Available data:
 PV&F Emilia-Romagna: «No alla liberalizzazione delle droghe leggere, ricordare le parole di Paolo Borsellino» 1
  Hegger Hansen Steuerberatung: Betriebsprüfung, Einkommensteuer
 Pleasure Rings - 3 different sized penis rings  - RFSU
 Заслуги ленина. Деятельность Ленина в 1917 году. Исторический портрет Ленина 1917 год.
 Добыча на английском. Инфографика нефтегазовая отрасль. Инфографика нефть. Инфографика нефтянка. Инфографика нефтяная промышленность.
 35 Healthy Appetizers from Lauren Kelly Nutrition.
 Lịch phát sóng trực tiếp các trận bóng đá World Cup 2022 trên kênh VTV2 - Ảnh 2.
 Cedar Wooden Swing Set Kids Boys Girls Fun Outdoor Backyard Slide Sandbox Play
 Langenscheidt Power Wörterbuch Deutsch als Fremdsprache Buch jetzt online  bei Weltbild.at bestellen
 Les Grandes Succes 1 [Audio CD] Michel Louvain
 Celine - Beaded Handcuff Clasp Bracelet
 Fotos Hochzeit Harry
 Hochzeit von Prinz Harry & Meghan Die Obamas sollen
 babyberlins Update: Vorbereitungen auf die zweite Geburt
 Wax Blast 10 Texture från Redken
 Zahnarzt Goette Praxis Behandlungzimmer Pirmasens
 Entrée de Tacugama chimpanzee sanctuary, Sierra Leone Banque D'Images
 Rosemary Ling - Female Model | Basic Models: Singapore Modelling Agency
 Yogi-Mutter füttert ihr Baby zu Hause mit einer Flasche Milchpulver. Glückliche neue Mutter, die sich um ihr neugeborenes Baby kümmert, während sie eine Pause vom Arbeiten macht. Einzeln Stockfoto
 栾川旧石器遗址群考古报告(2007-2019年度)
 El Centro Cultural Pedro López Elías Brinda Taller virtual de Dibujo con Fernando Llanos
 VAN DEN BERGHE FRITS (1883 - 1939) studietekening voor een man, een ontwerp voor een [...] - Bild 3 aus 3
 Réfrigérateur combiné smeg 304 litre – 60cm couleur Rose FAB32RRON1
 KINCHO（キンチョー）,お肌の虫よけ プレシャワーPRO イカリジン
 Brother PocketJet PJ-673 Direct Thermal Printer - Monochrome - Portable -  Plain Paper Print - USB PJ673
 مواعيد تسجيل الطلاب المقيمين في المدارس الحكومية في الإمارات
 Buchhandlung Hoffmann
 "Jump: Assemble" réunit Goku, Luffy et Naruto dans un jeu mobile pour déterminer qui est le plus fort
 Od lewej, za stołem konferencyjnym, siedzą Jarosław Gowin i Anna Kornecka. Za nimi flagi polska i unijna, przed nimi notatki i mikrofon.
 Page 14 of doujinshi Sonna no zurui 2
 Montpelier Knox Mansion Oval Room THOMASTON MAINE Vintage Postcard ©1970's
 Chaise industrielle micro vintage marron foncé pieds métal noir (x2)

Your task:
If a line of the entries contains "Hochzeit", it counts; say how many such lines there are and give only the number.

Output:
2